== Problem ==
Leave out any picture and return the remaining listing below exactly as given.

== Given data ==
#####
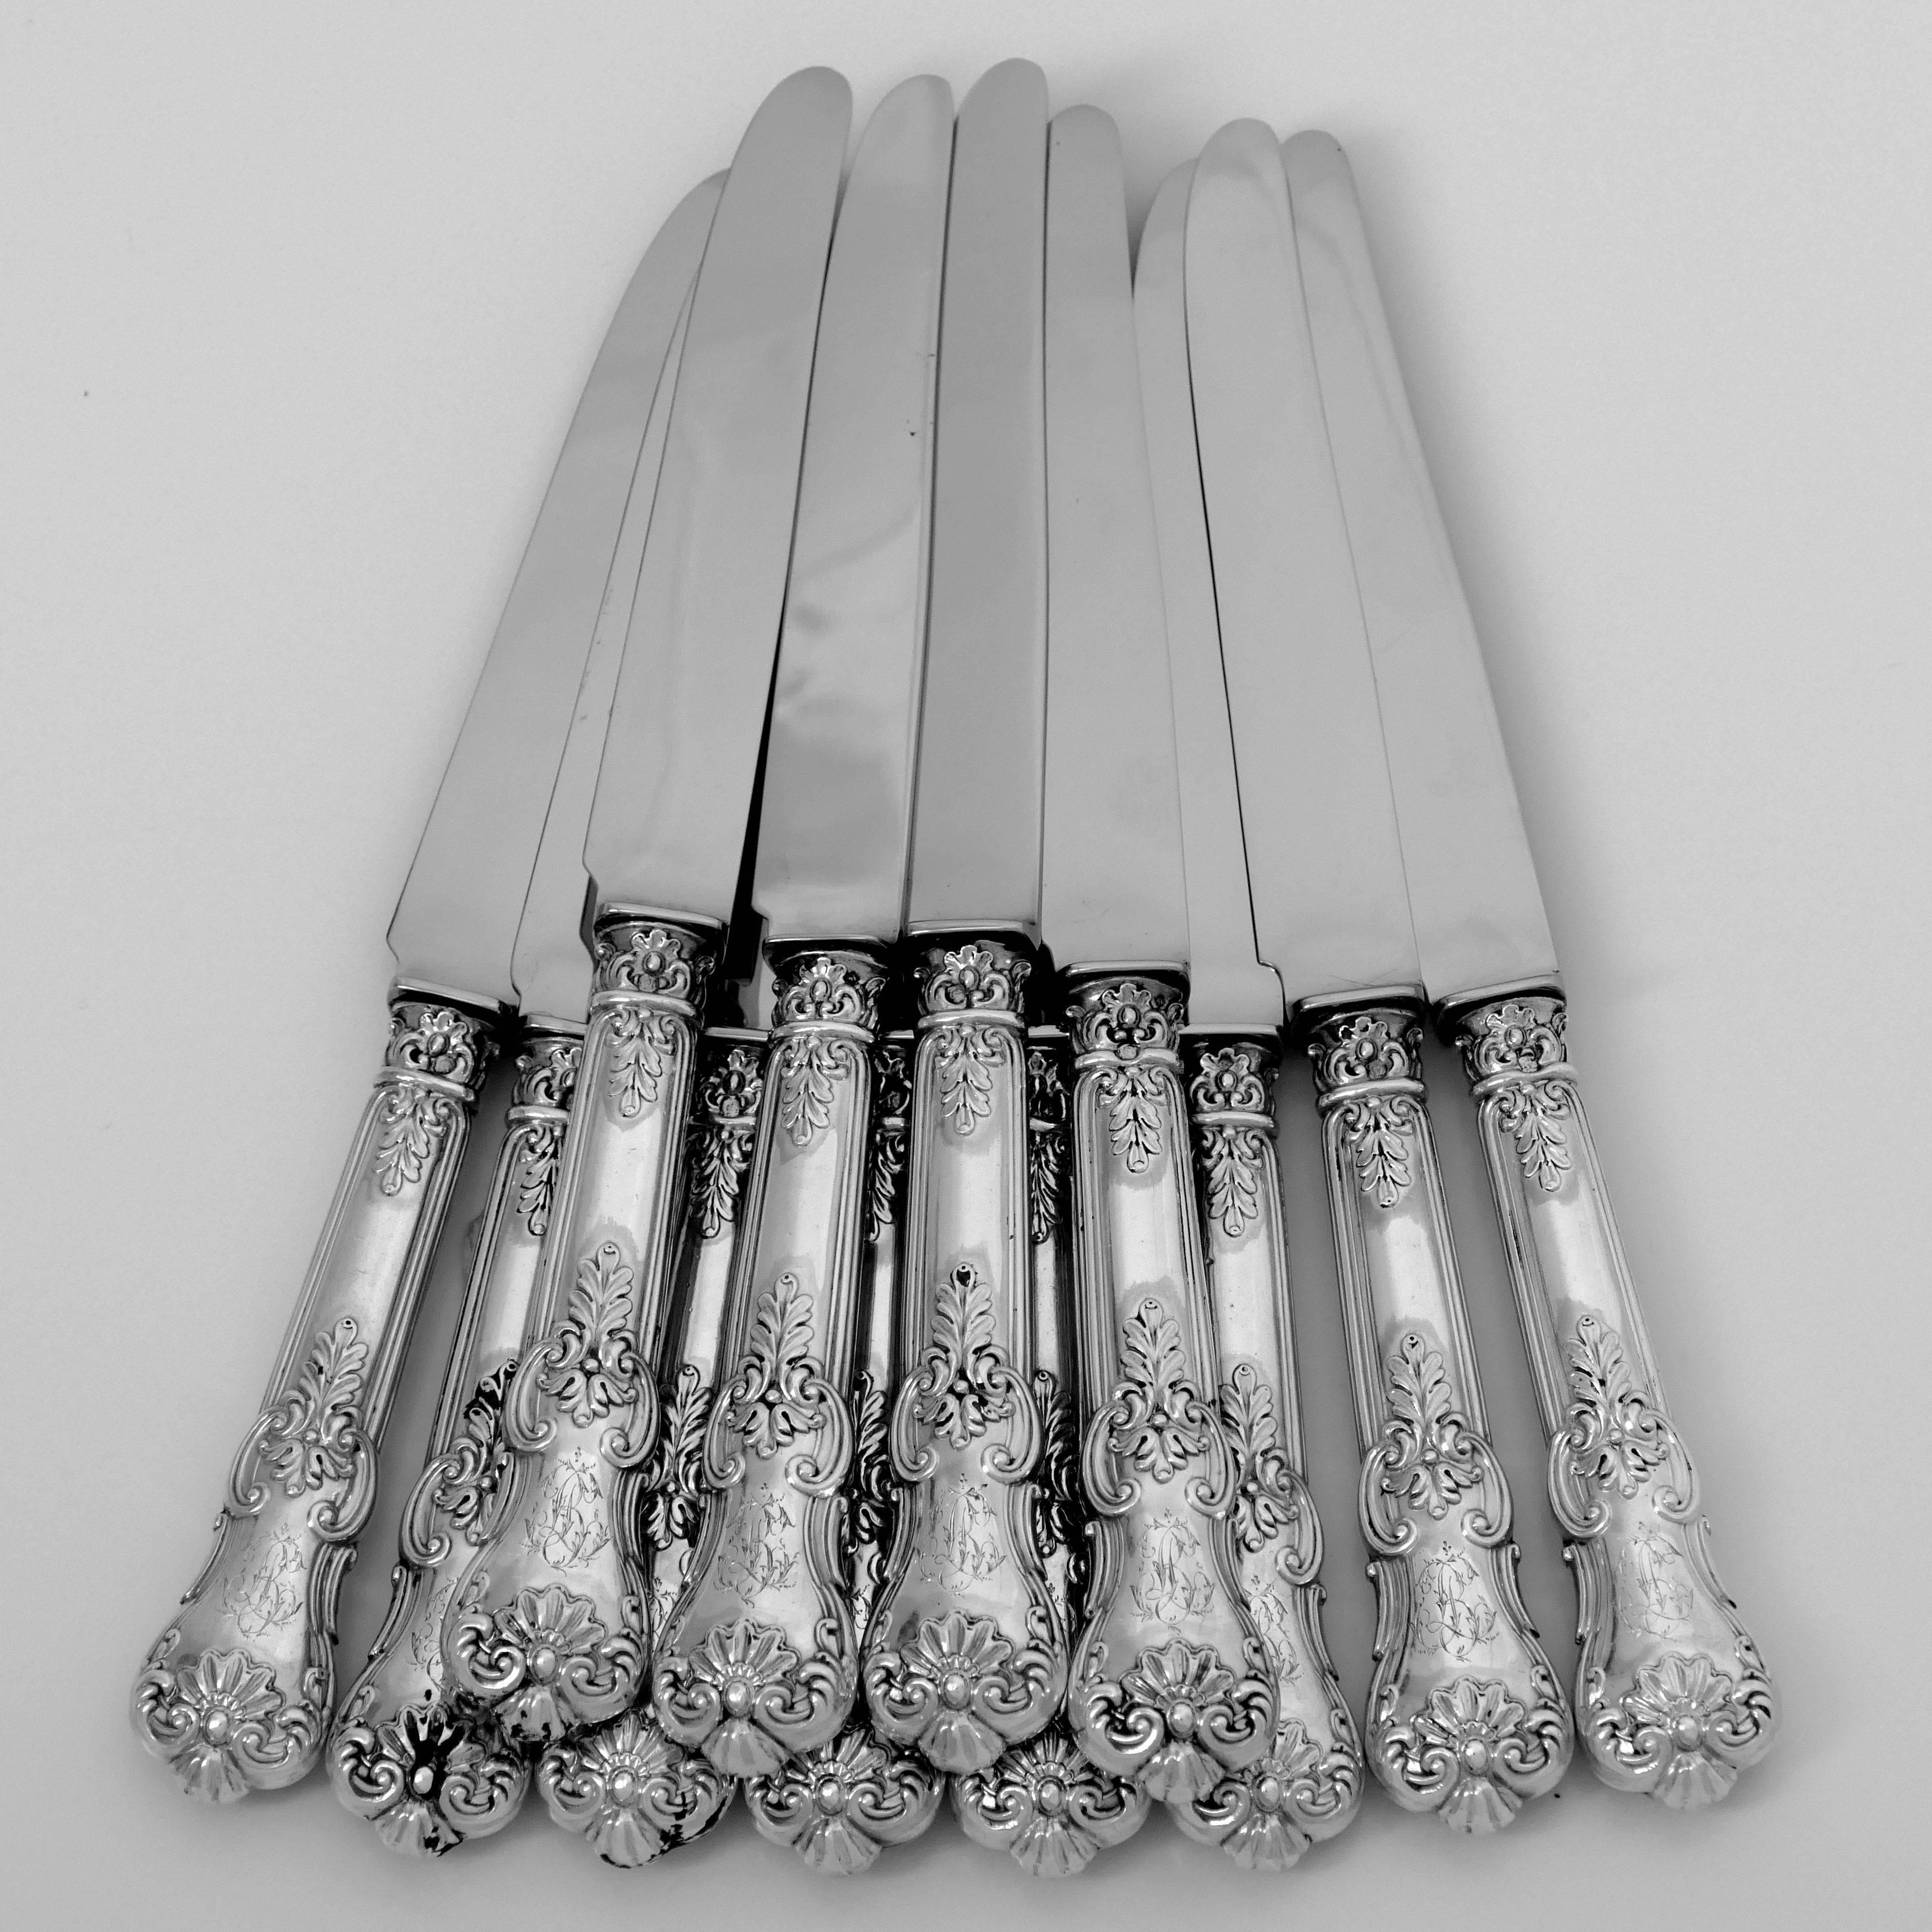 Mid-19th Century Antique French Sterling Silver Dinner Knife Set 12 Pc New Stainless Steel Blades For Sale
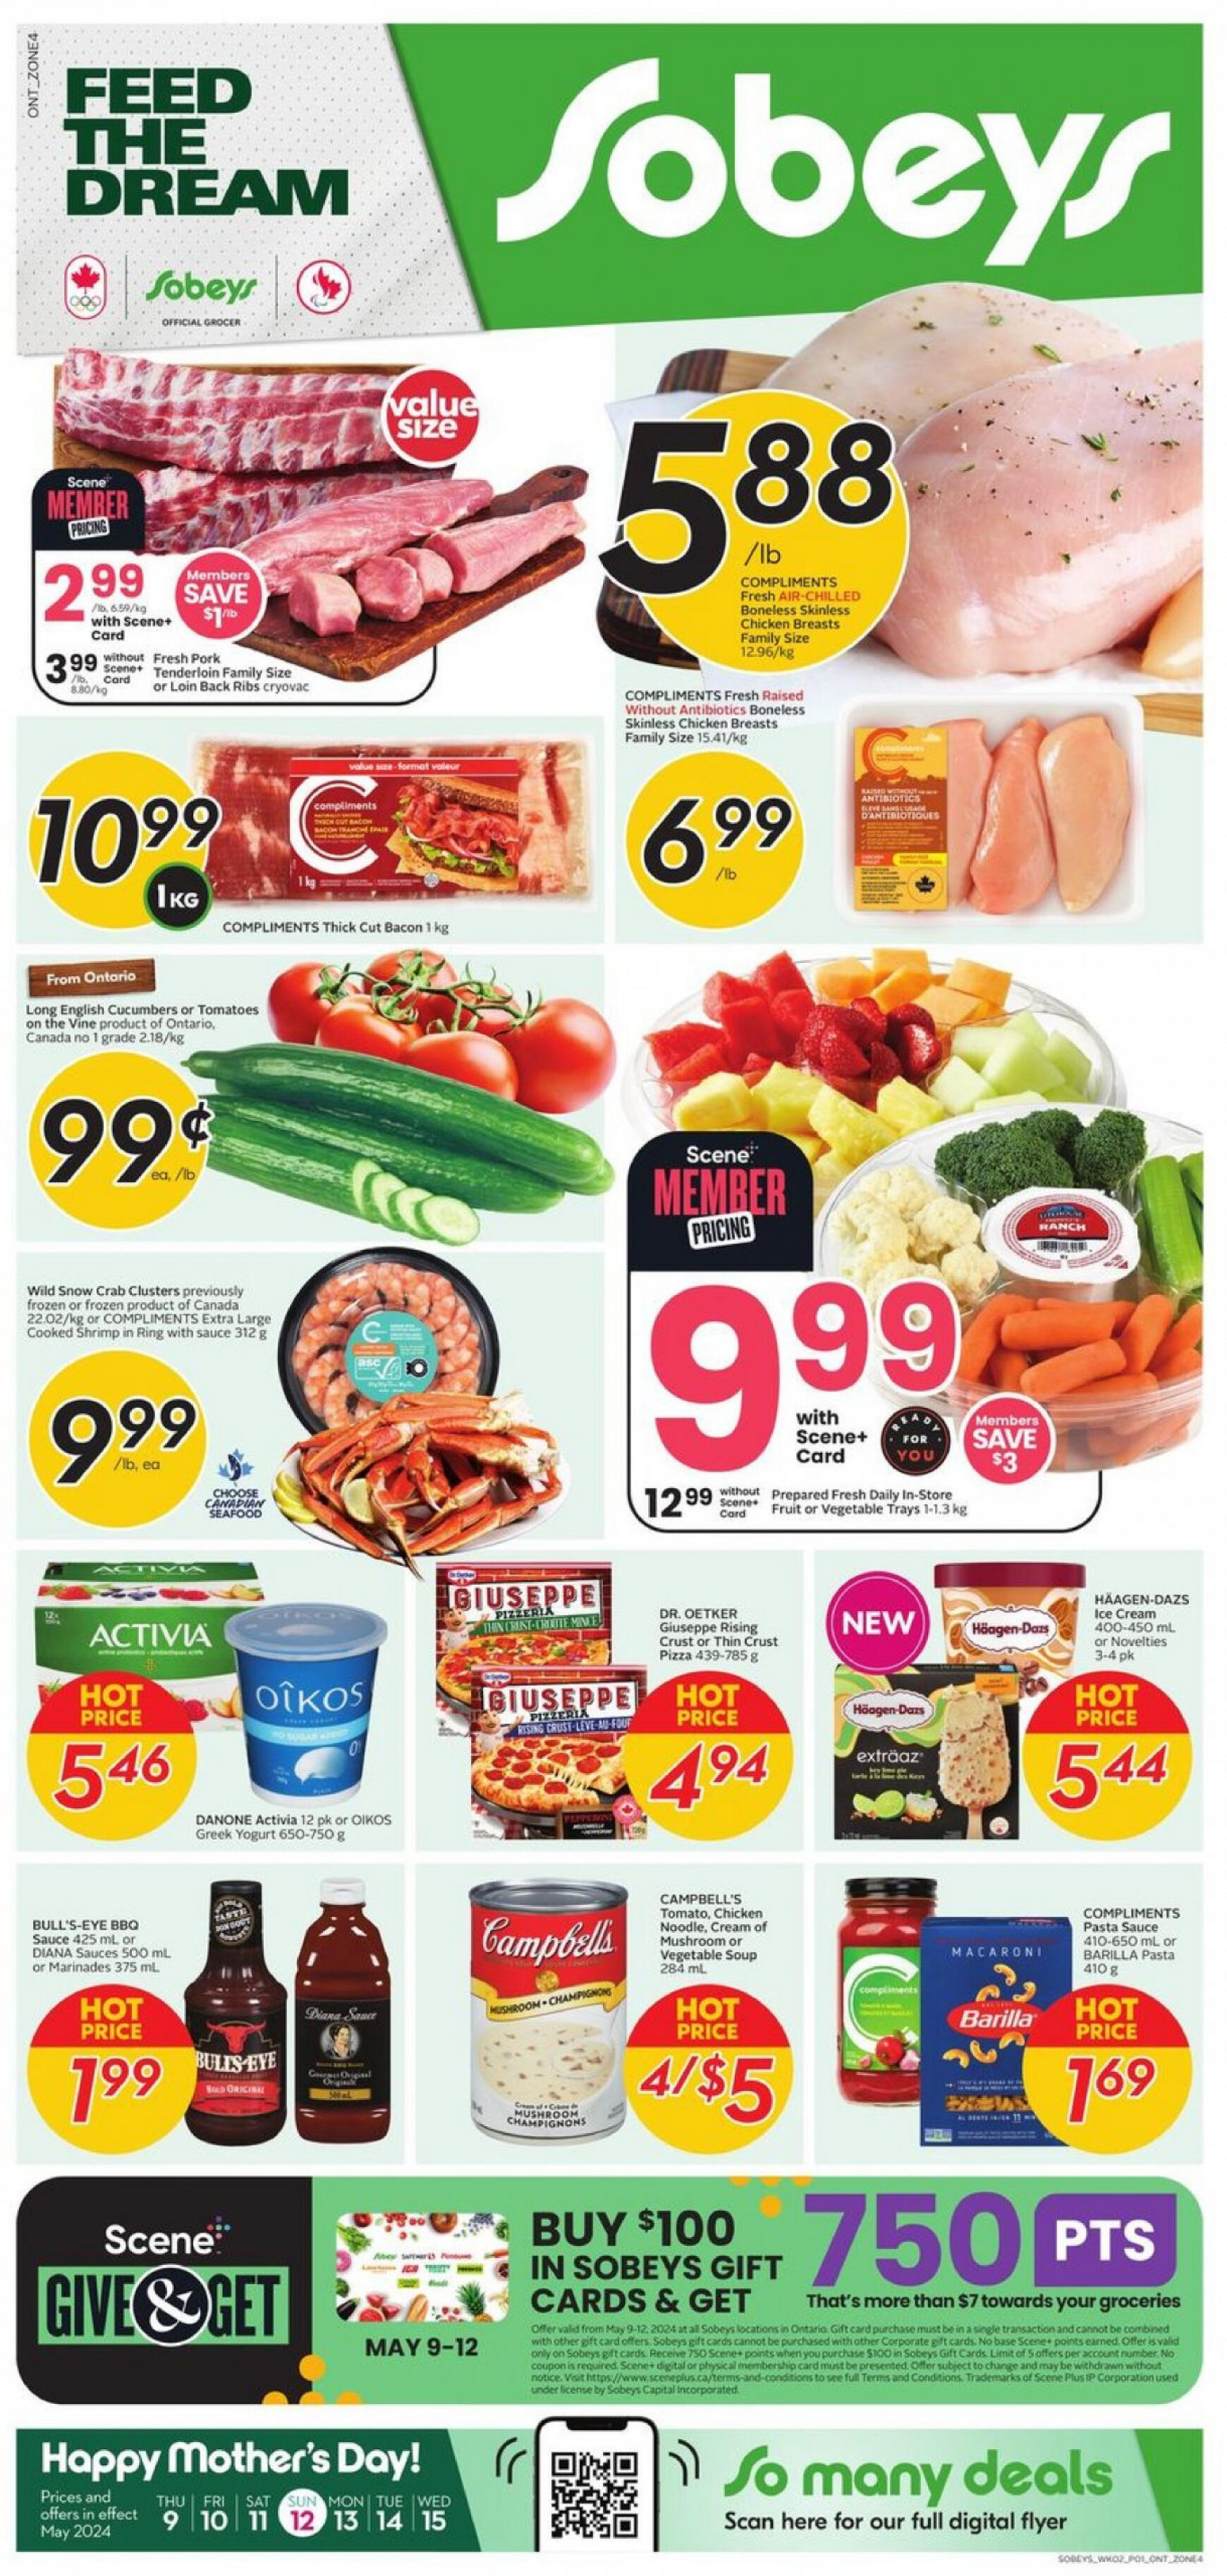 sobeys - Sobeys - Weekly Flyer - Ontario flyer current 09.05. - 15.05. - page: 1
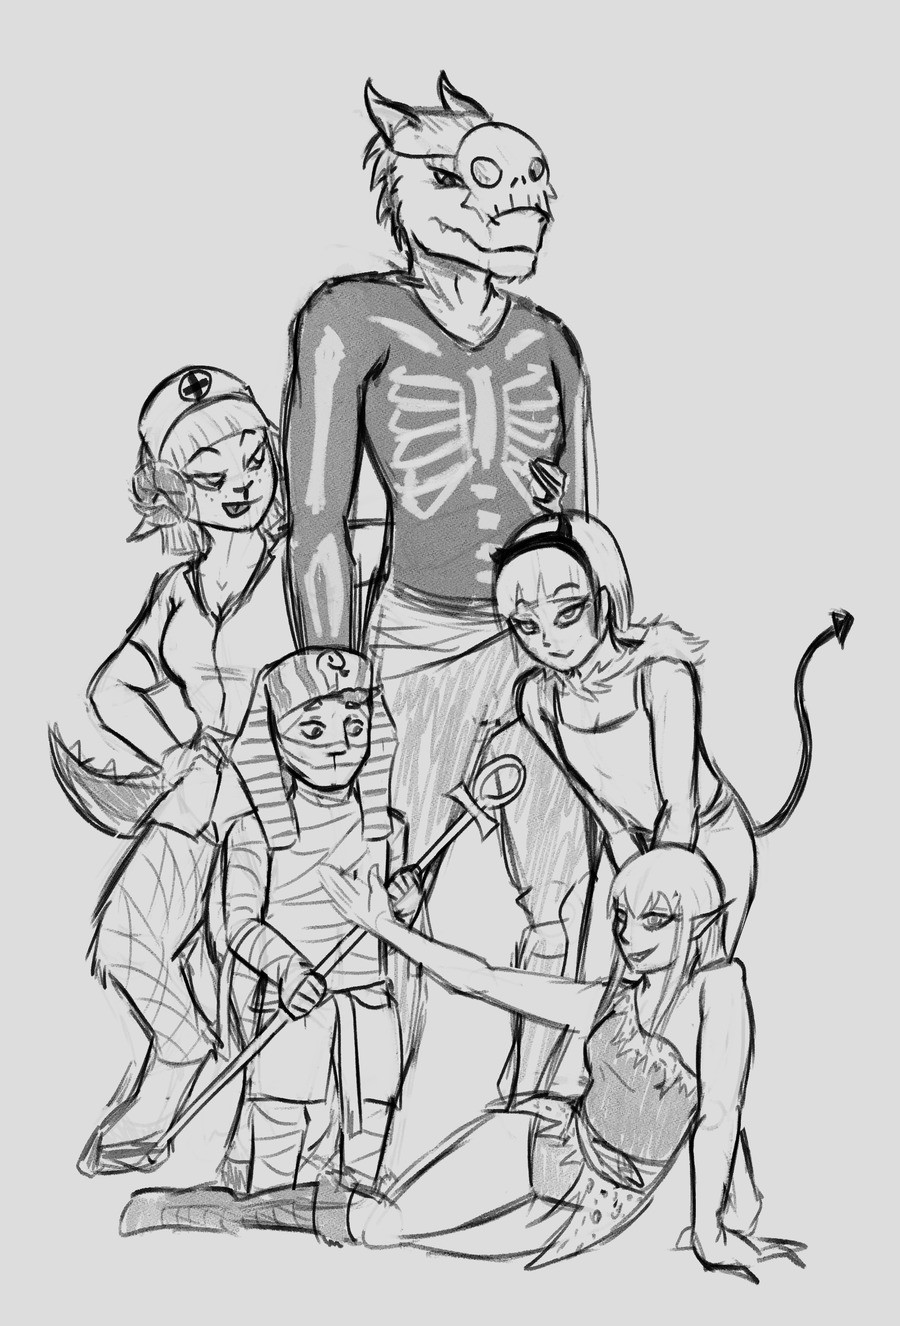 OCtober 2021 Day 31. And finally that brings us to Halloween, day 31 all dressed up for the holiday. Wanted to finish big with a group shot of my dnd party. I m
#####
== Your solution ==
 Mid-19th Century Antique French Sterling Silver Dinner Knife Set 12 Pc New Stainless Steel Blades For Sale
 sobeys - Sobeys - Weekly Flyer - Ontario flyer current 09.05. - 15.05. - page: 1
 OCtober 2021 Day 31. And finally that brings us to Halloween, day 31 all dressed up for the holiday. Wanted to finish big with a group shot of my dnd party. I m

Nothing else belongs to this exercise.